NEGRA combines modern linguistic theory, large amounts of real
linguistic data, and a range of computational methods. Large
collections of natural language text (corpora) are combined with their
linguistic interpretations to provide an empirical foundation for
research. The corpora provide rich analyses of everyday language, and
also supply information about the frequency with which various
linguistic phenomena occur. Modern statistical language processing
technologies exploit such frequency information to automatically learn
language in terms of statistical regularities. Once trained, these
systems can deal accurately and robustly with ambiguous and previously
unseen sentences. The richness and complexity of human language also
requires the use of sophisticated constraint-based parsing systems,
which exploit linguistic knowledge, derived from current linguistic
theories.
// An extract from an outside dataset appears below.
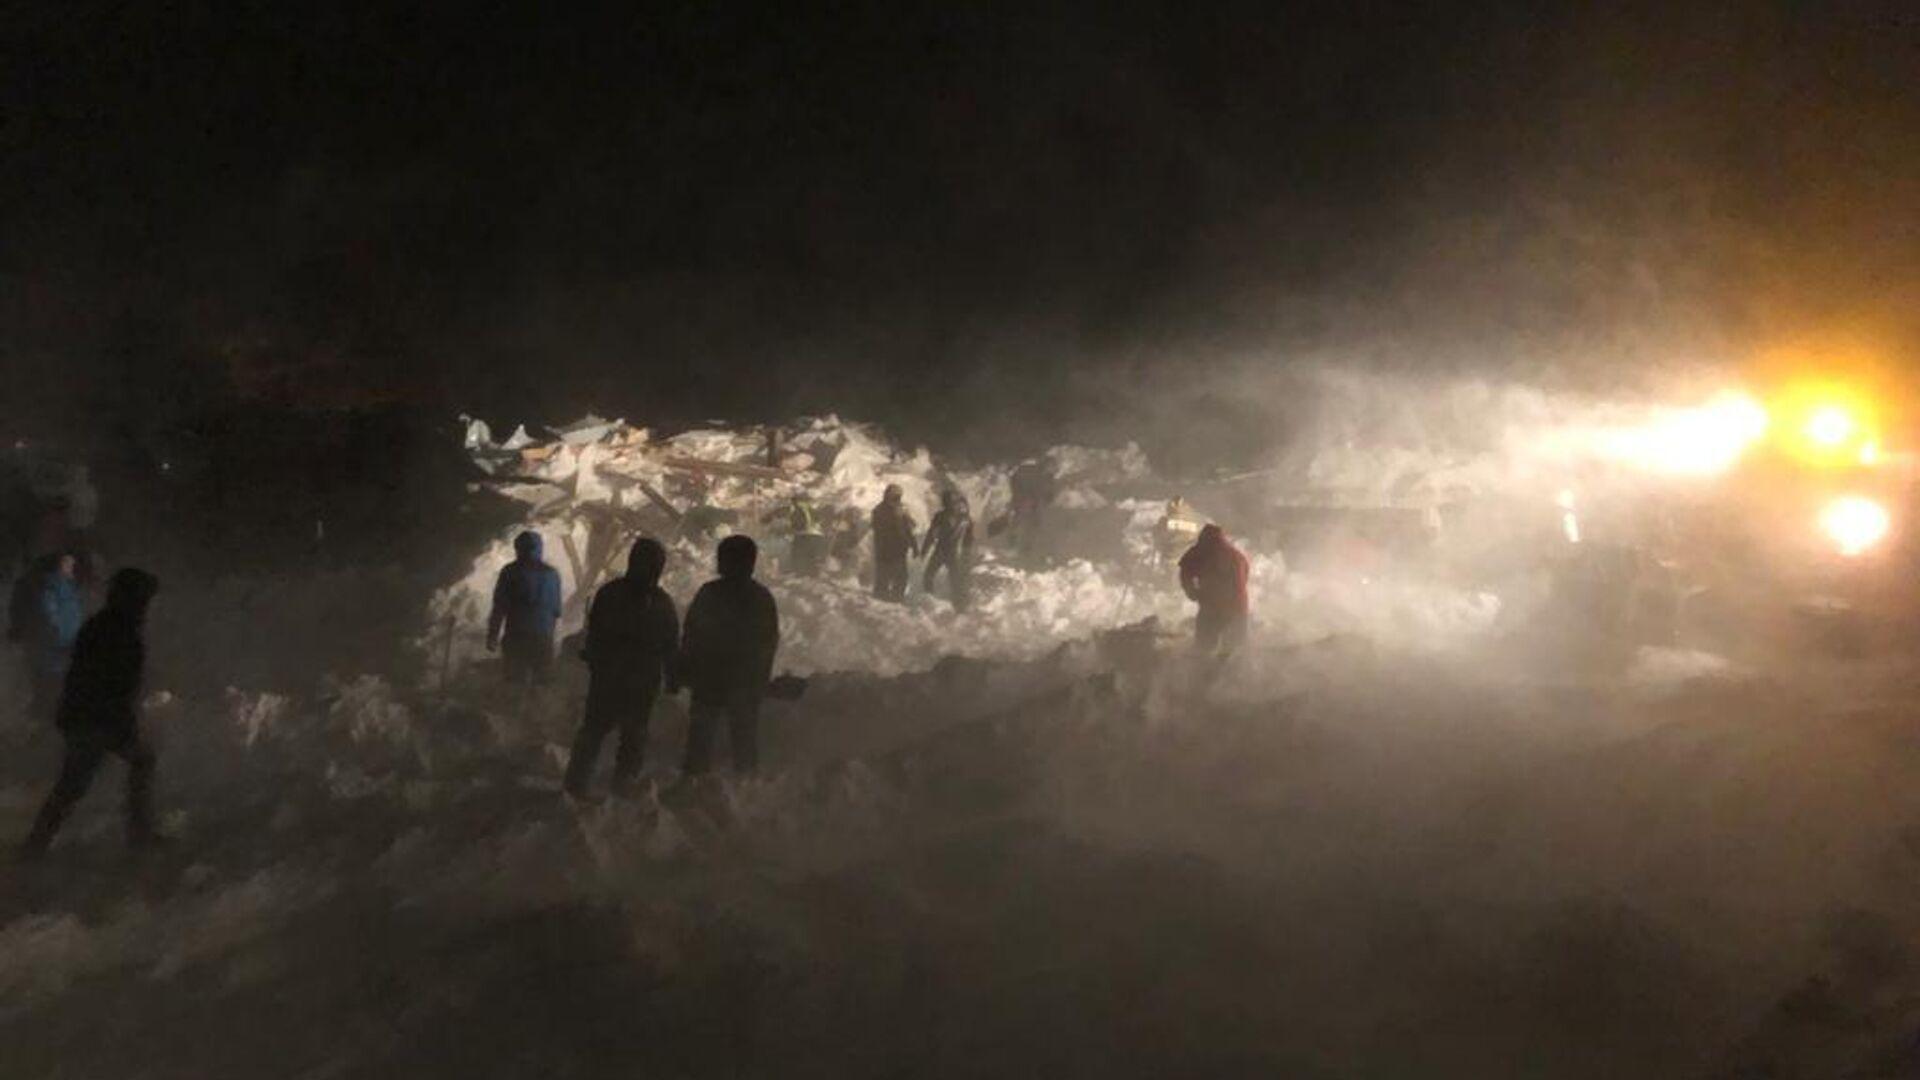 Спасатели нашли тело ребенка на месте схода лавины под Норильском
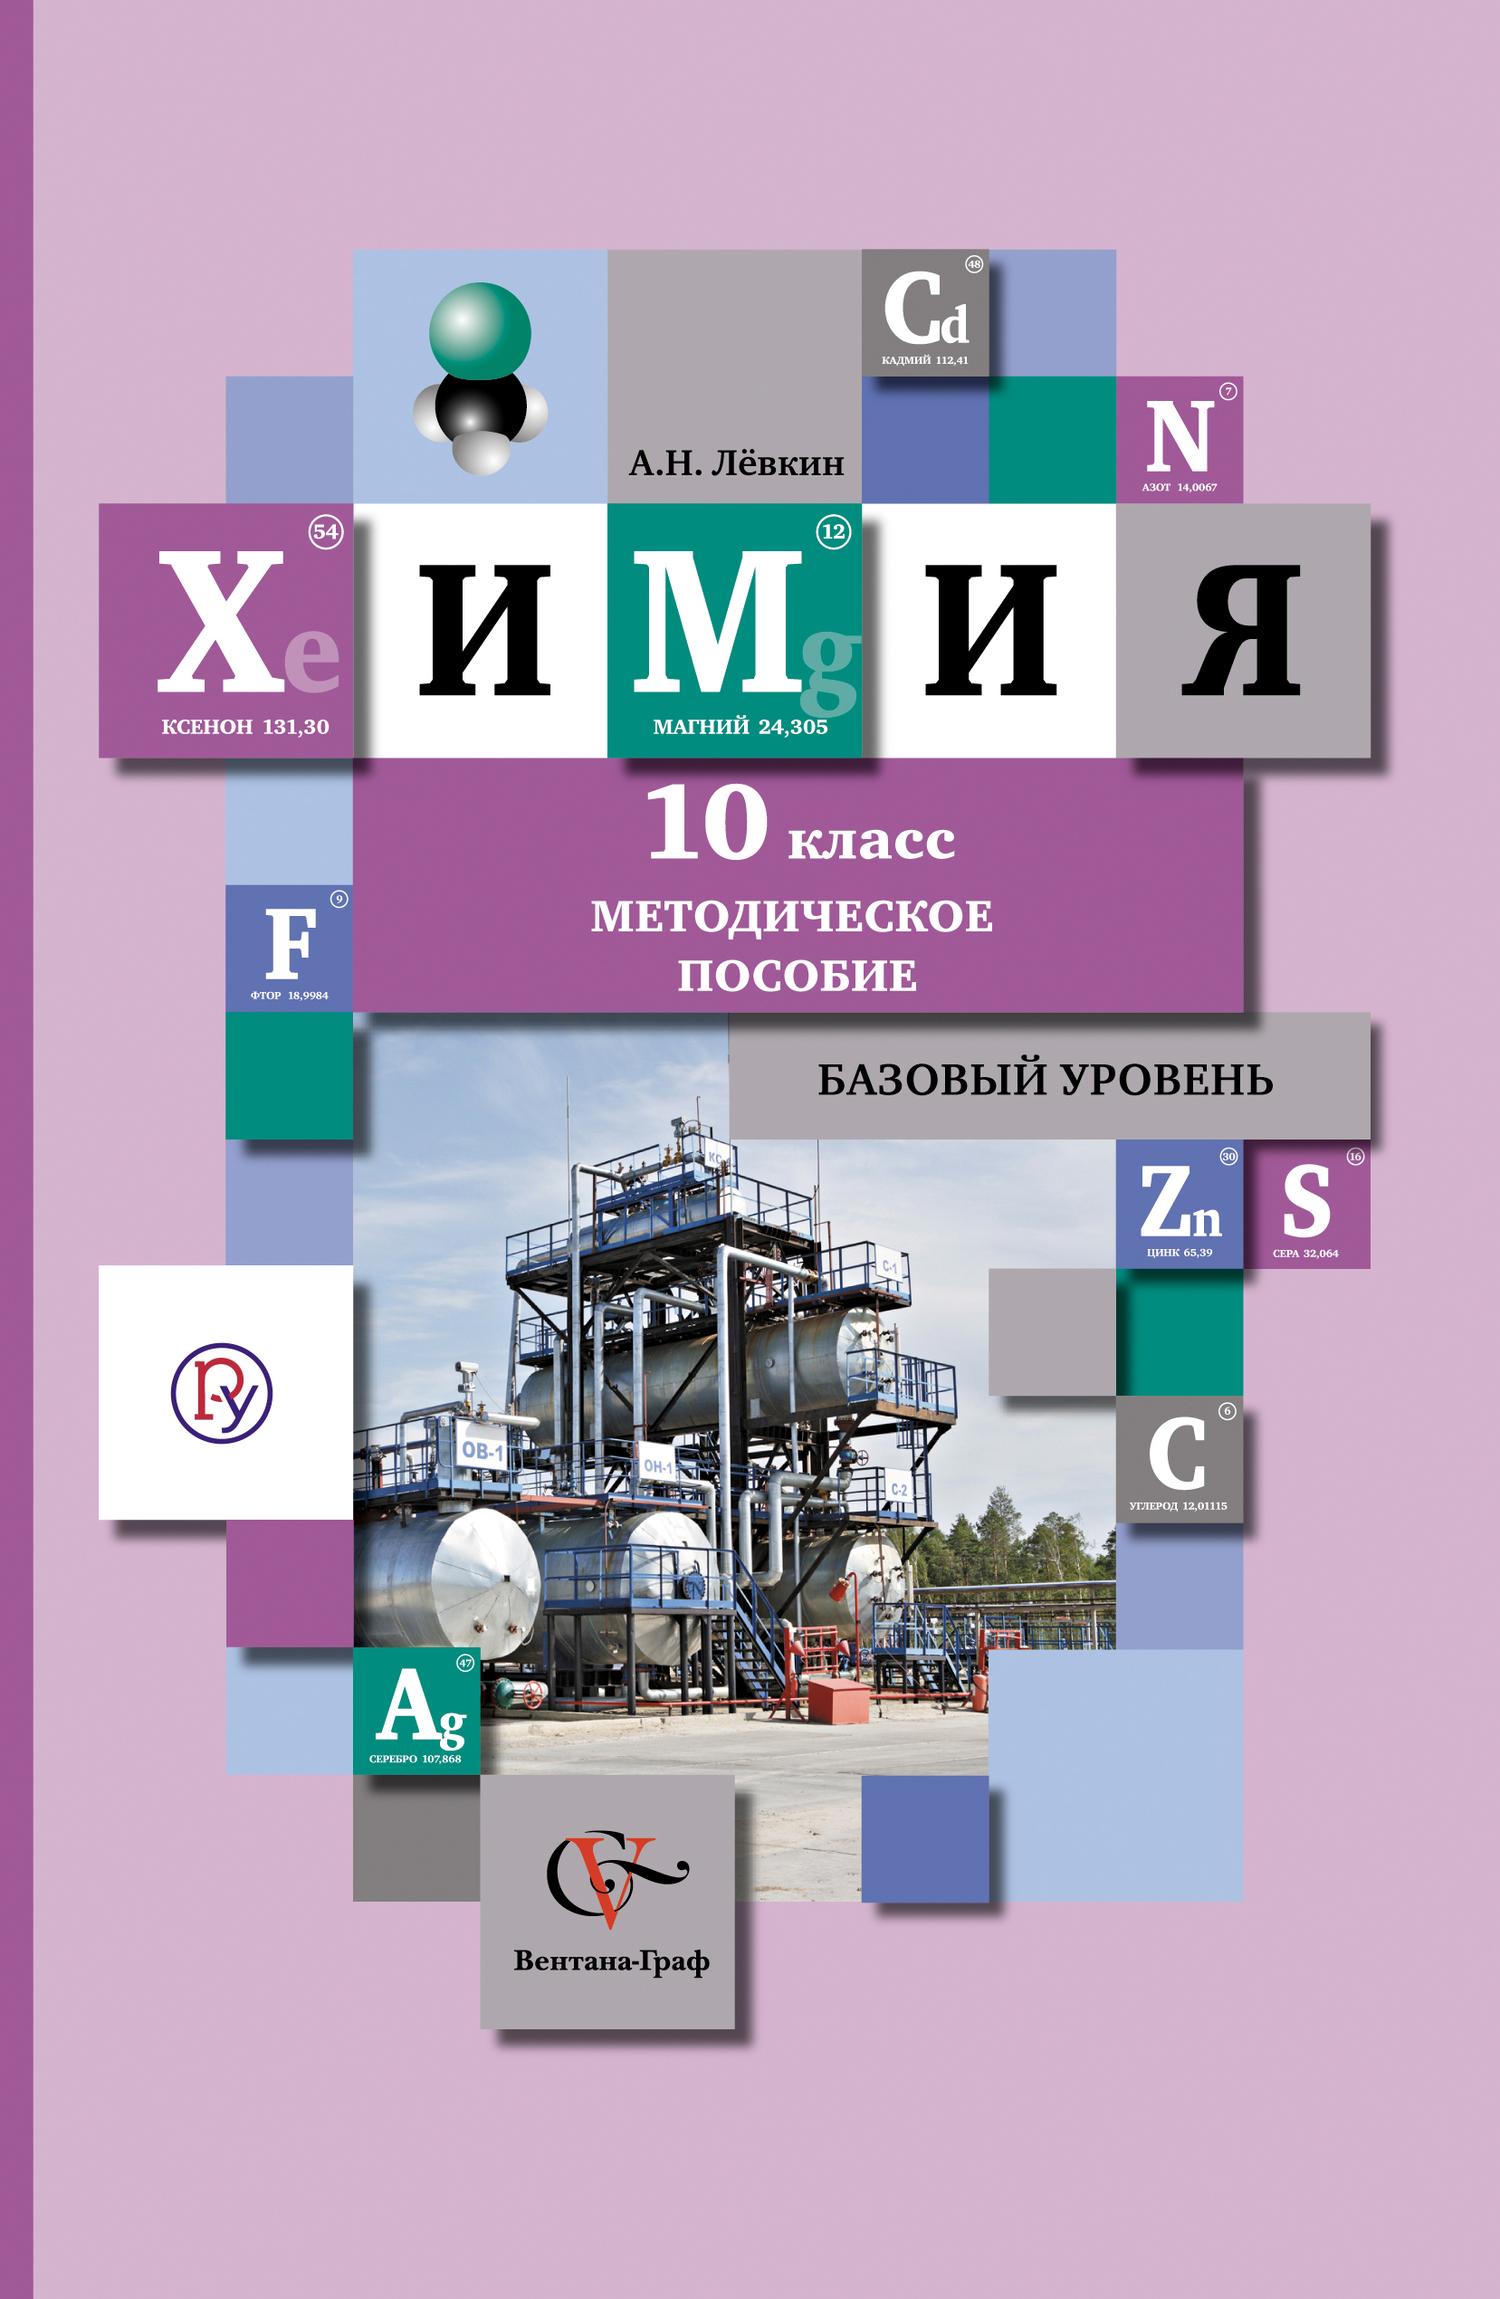 Уровень 10 кузнецова, химии по гдз базовый класс гара

To enable this, we are investigating concurrent processing
techniques which permit efficient understanding of language via quasi-
parallel processing.
The key question in our research is how to combine rich
constraint-based systems and robust statistical processing techniques
in a way which best capitalizes on the strengths of each. The
integration of these paradigms promises to form the basis for the next
genaration of speech and language processing technologies, and is
therefore the central focus of NEGRA.
To support the combination of linguistic, constraint-based and
statistical approaches, an important result was the development of the
first German linguistically analysed corpus. The NEGRA Corpus
currently consists of approximately 20,000 newspaper sentences taken
from the Frankfurter Rundschau, and it continues to grow. The
linguistic analysis of the corpus was generated semi-automatically
using techniques developed within the project. They are part of a
boot-strapping process, enabling our research on automatic learning,
the development of robust statistical parsing techniques, and models
of human language use, in the SFB and many other projects.